## Data extract
....................

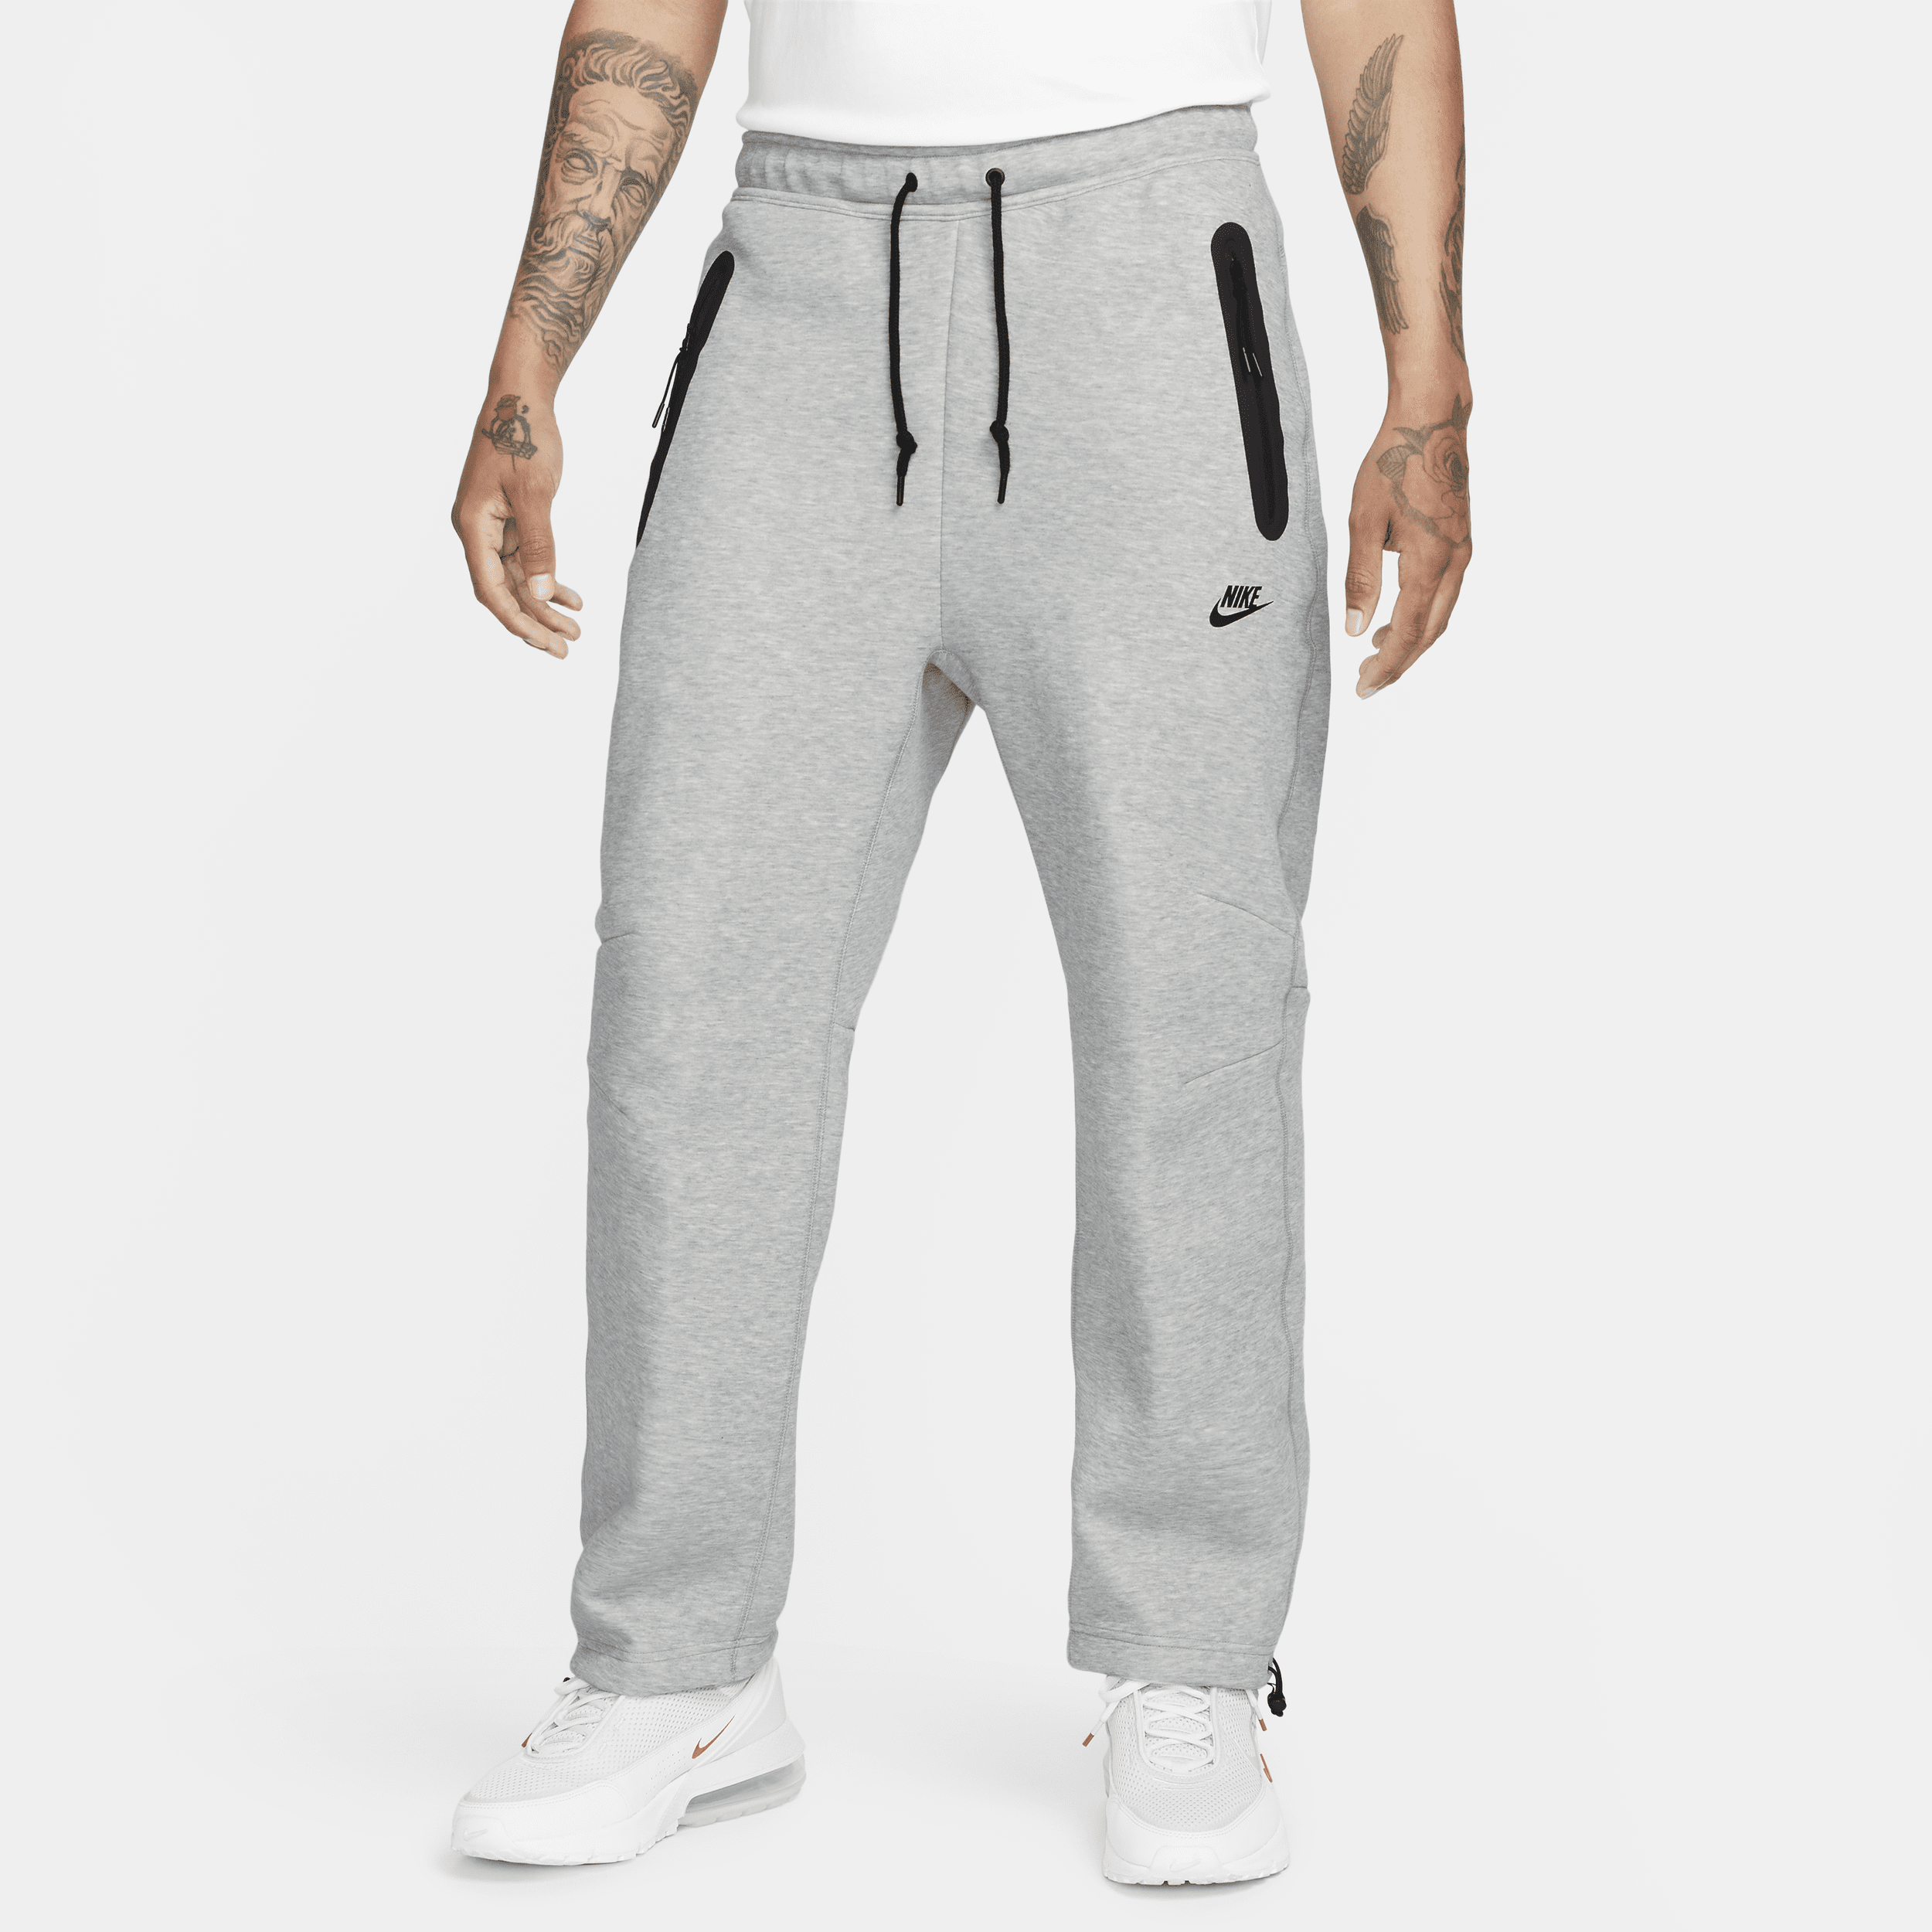 Pantaloni tuta con orlo aperto Nike Sportswear Tech Fleece – Uomo - Grigio
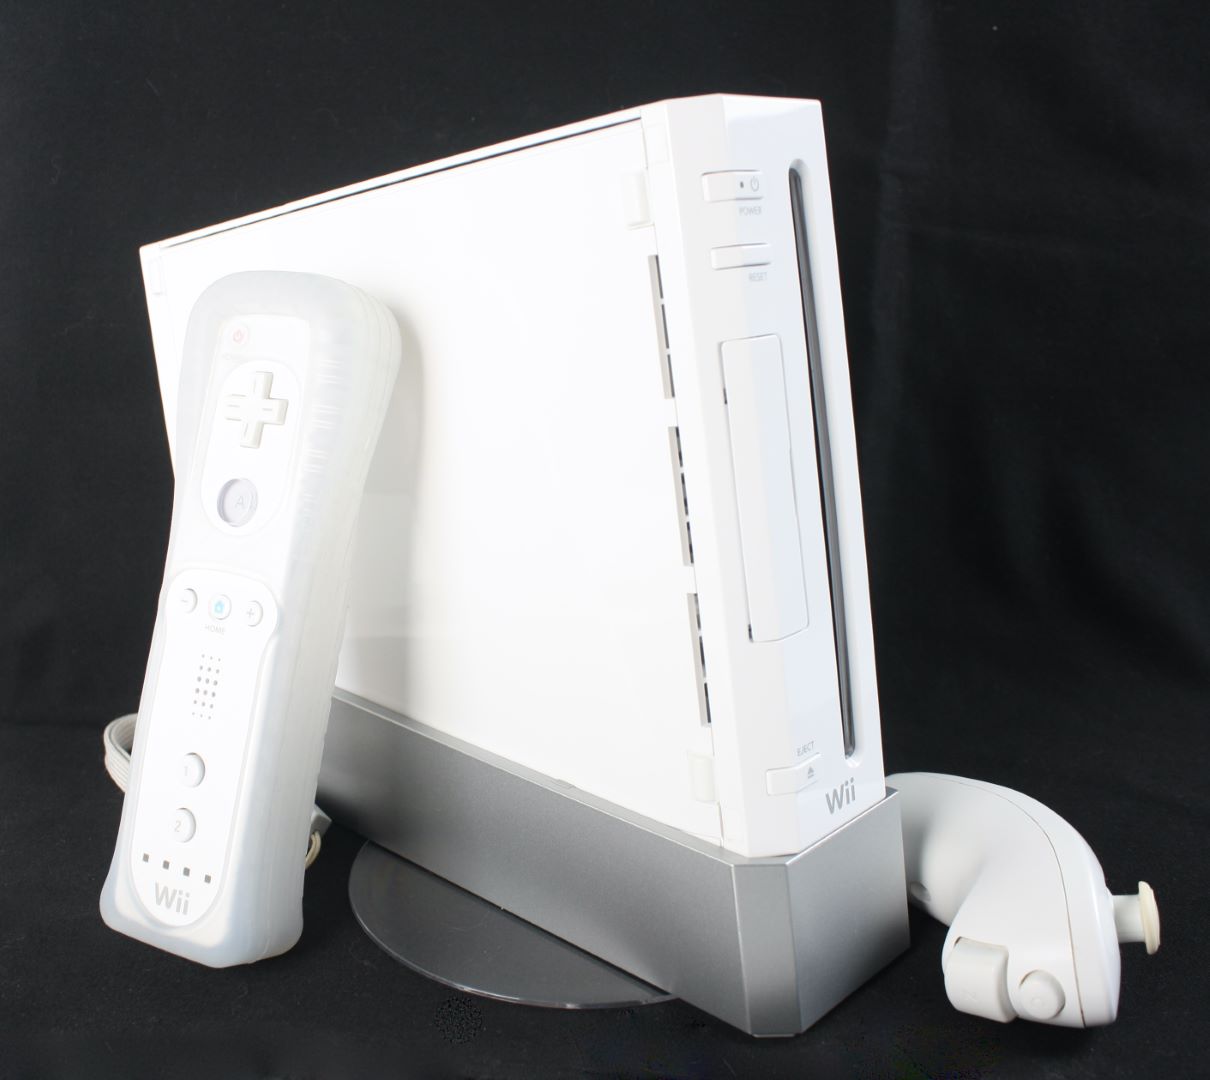  Jeux Pour Nintendo Wii - Jeux Pour Nintendo Wii / Nintendo Wii:  Consoles, Jeux  : Jeux Vidéo
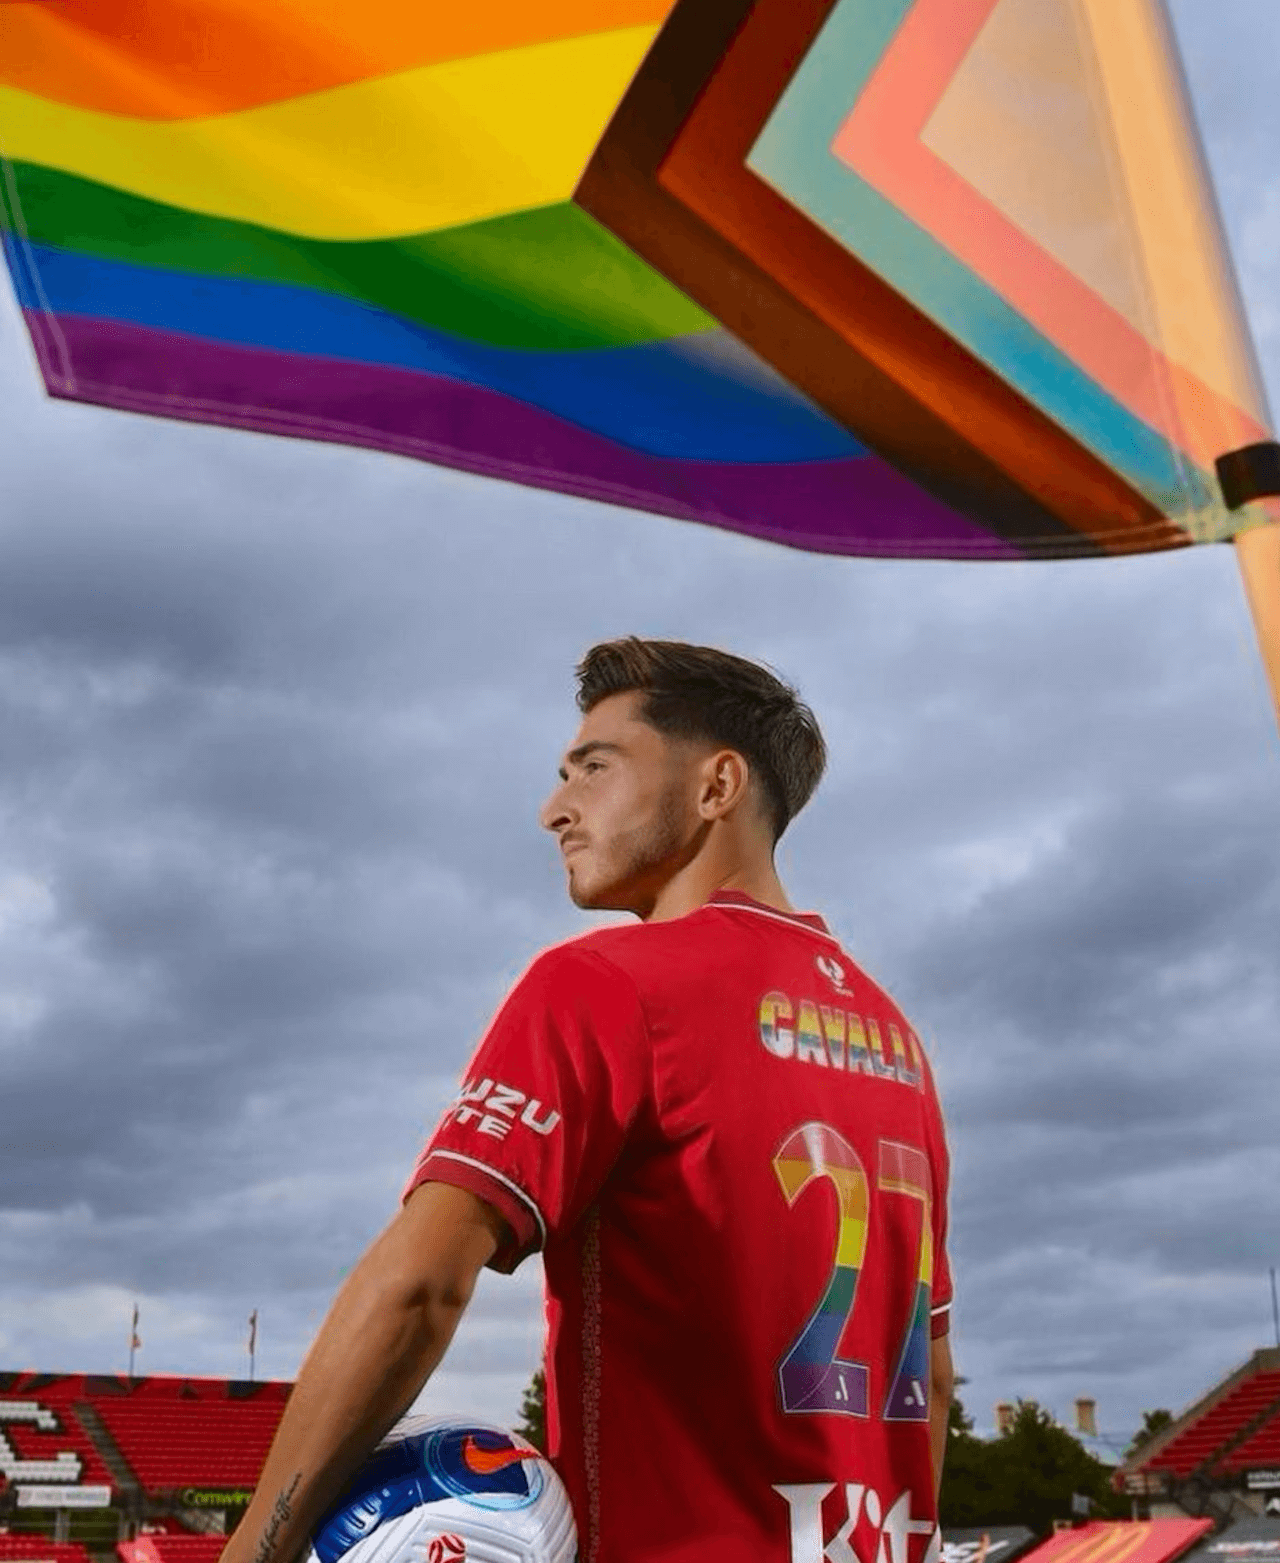 Josh Cavallo: "Infinite minacce di morte perché calciatore omosessuale" - Josh Cavallo pride - Gay.it
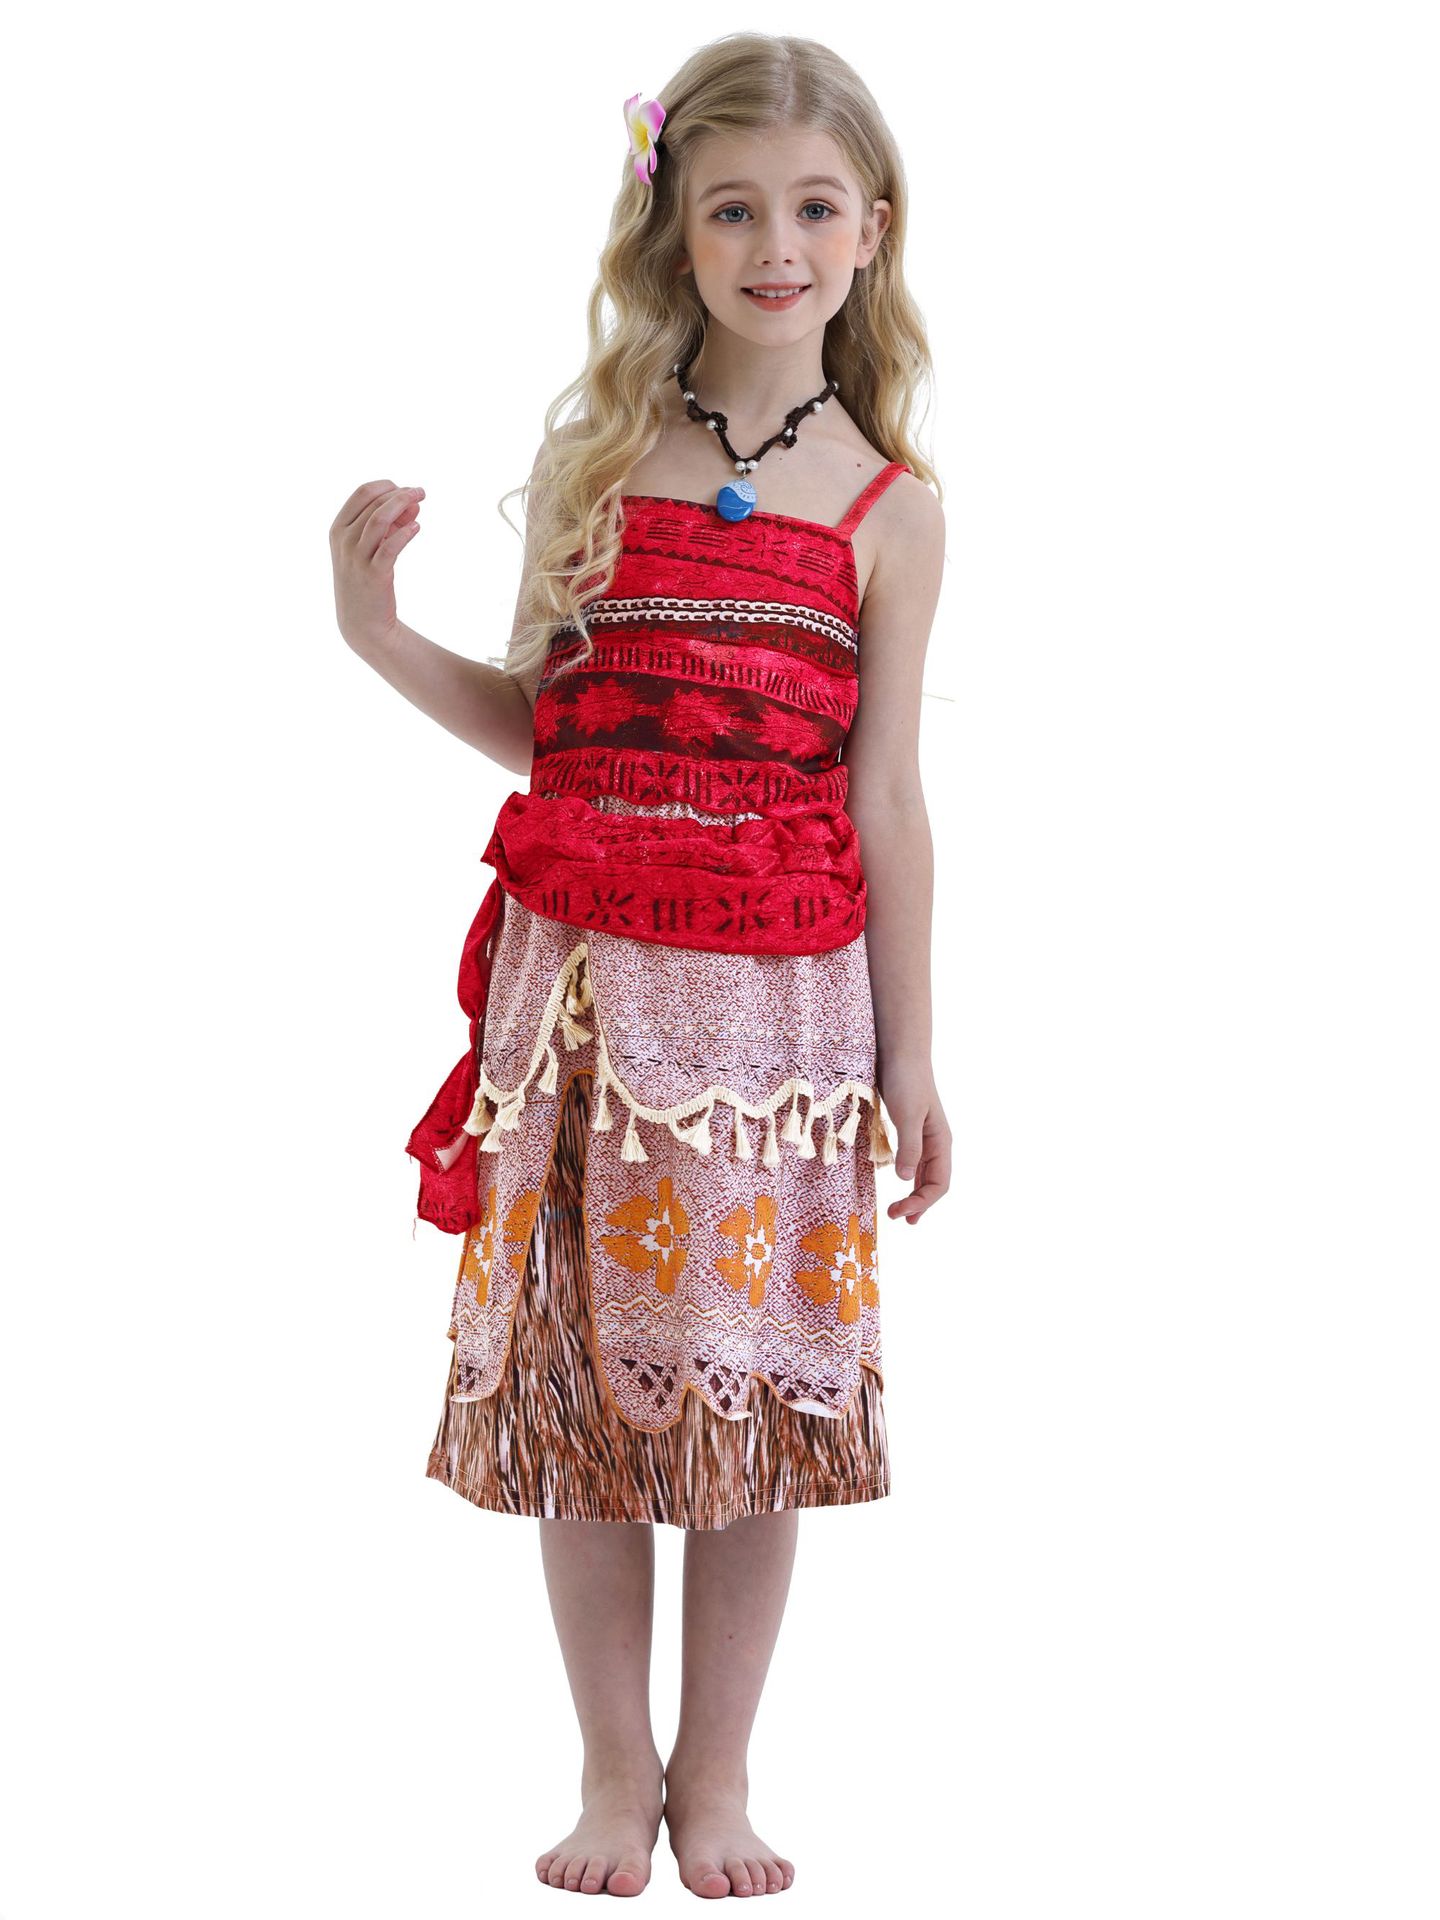 南国 ハワイ 民族衣装 01 コスチューム 子供 仮装 女の子 コスチューム ダンス 衣装 コスプレ プレゼント リトルプリンセス

....................

## Requirement
Copy out every line above, word for word, minus images.

## Exercise response
 Pantaloni tuta con orlo aperto Nike Sportswear Tech Fleece – Uomo - Grigio
  Jeux Pour Nintendo Wii - Jeux Pour Nintendo Wii / Nintendo Wii:  Consoles, Jeux  : Jeux Vidéo
 Josh Cavallo: "Infinite minacce di morte perché calciatore omosessuale" - Josh Cavallo pride - Gay.it
 南国 ハワイ 民族衣装 01 コスチューム 子供 仮装 女の子 コスチューム ダンス 衣装 コスプレ プレゼント リトルプリンセス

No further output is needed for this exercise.